What is expected: Would you transcribe the whole listing exactly and drop its images?

Data extract:
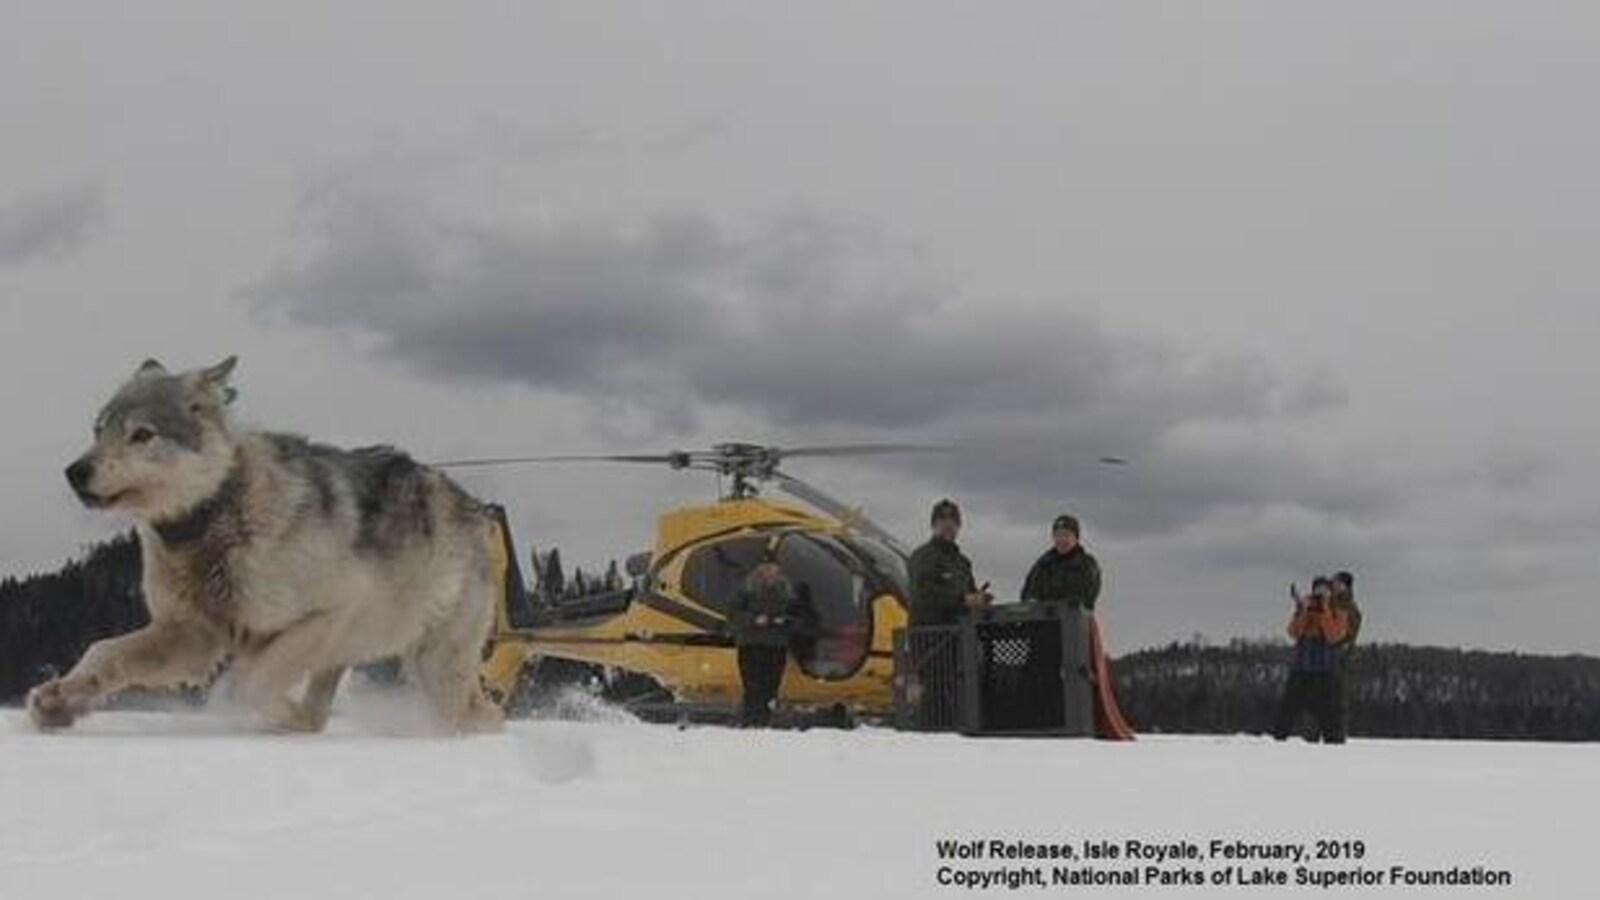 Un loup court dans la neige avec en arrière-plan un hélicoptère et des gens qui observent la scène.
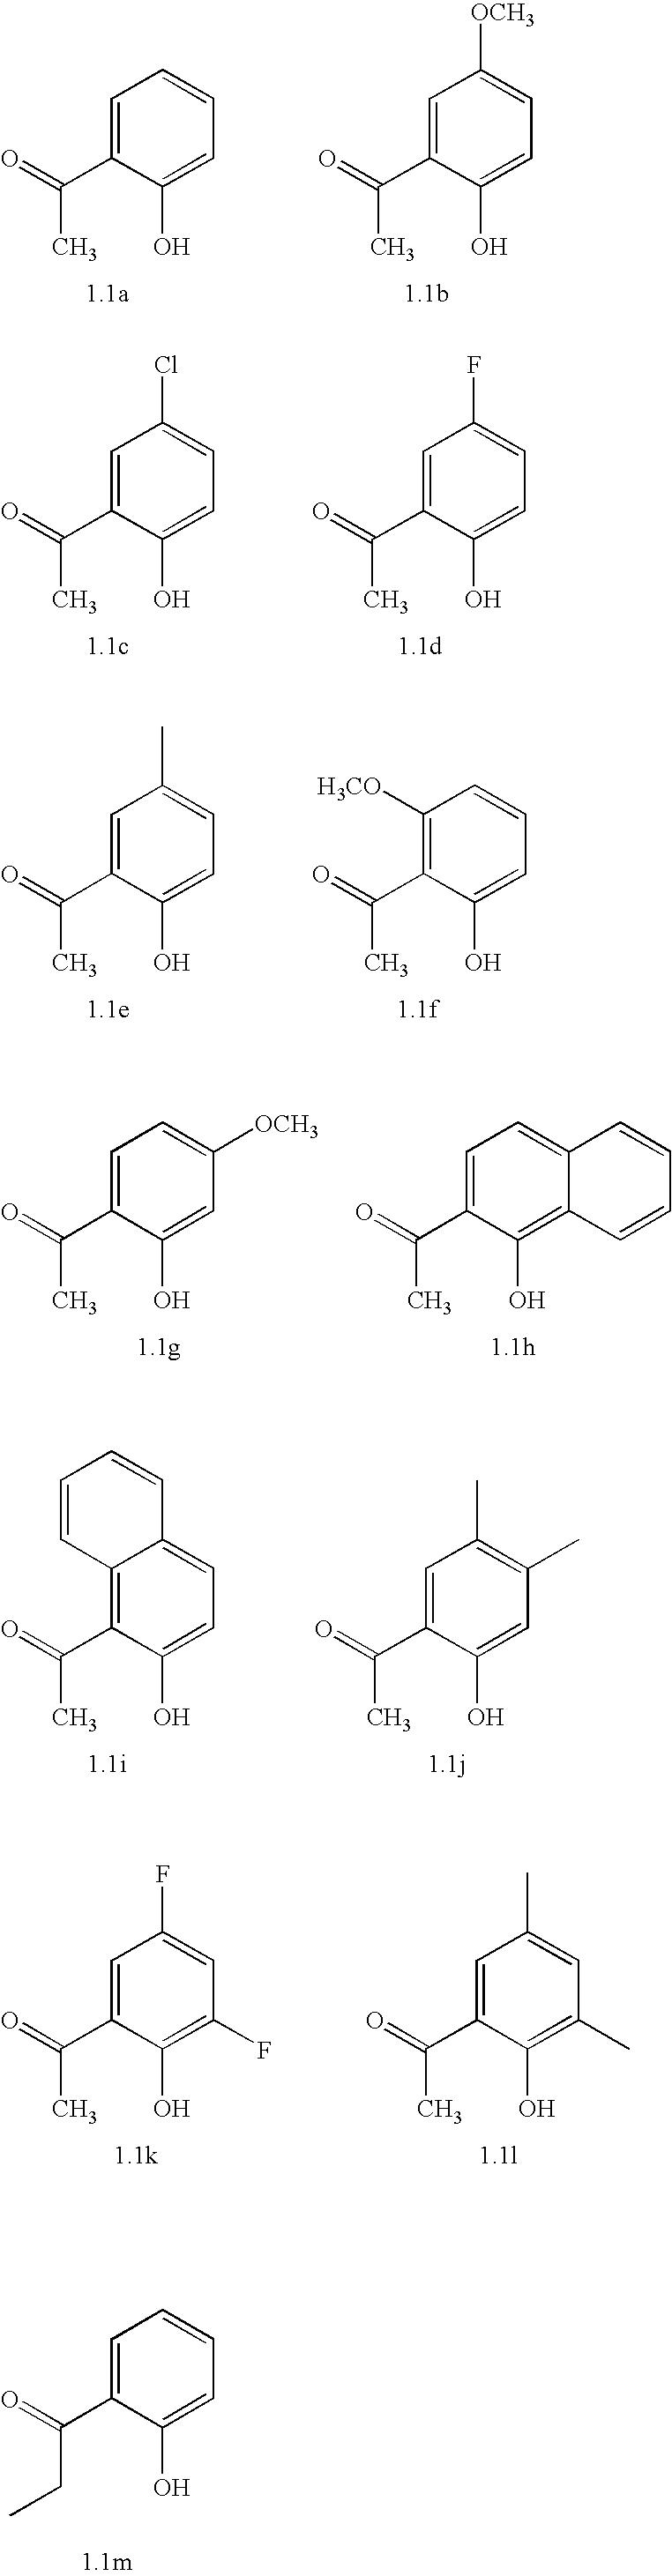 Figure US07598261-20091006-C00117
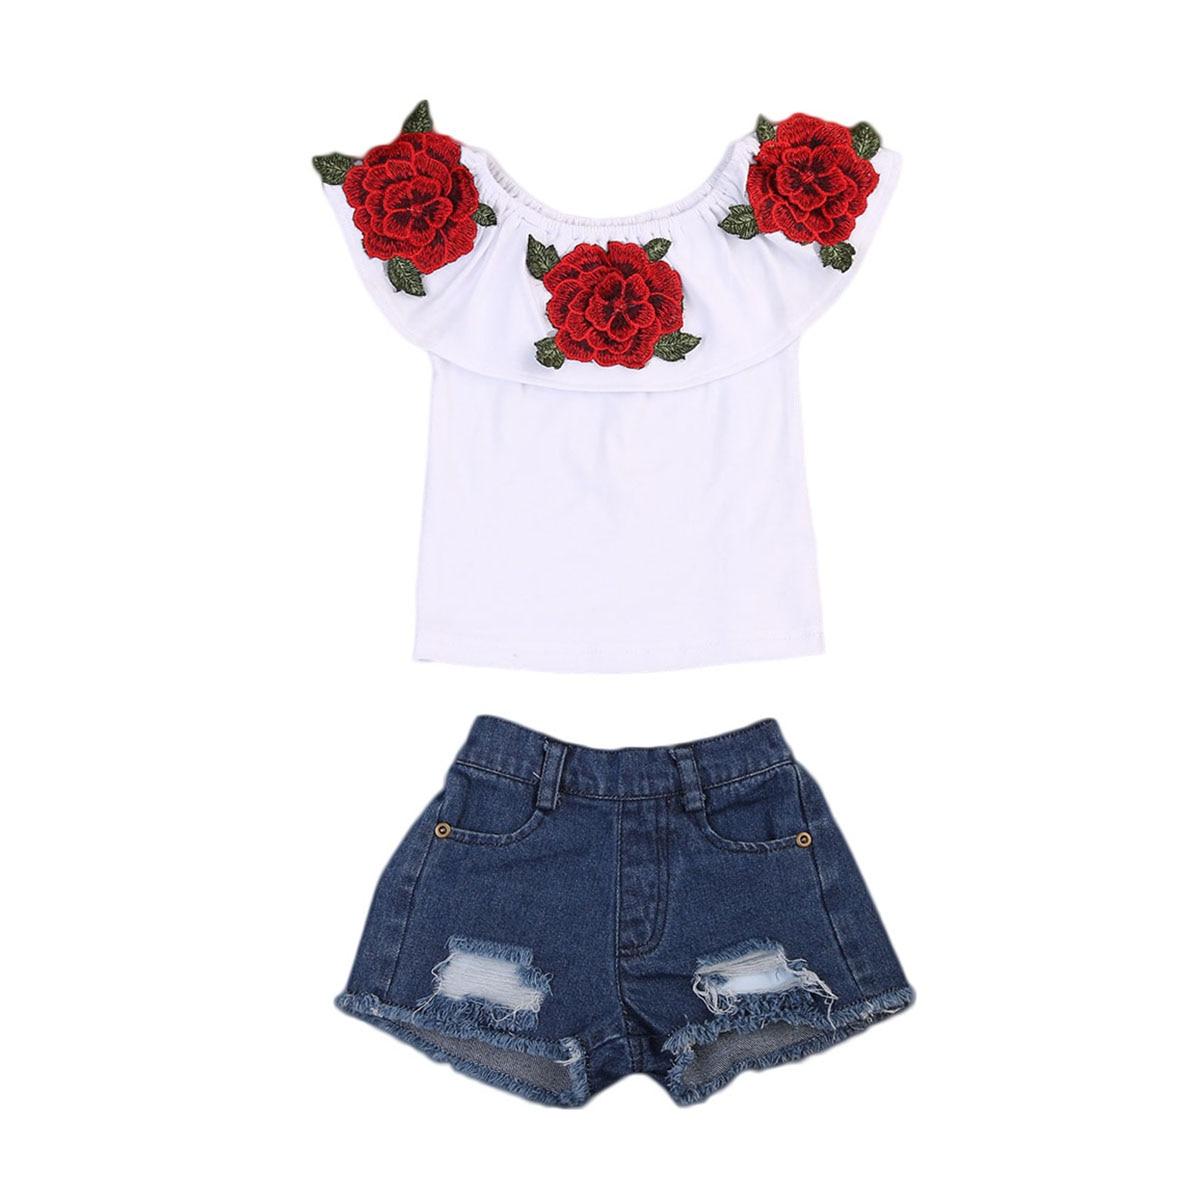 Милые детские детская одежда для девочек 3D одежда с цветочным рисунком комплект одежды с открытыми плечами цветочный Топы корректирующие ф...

Answer space:
 Un loup court dans la neige avec en arrière-plan un hélicoptère et des gens qui observent la scène.
 Figure US07598261-20091006-C00117
 Милые детские детская одежда для девочек 3D одежда с цветочным рисунком комплект одежды с открытыми плечами цветочный Топы корректирующие ф...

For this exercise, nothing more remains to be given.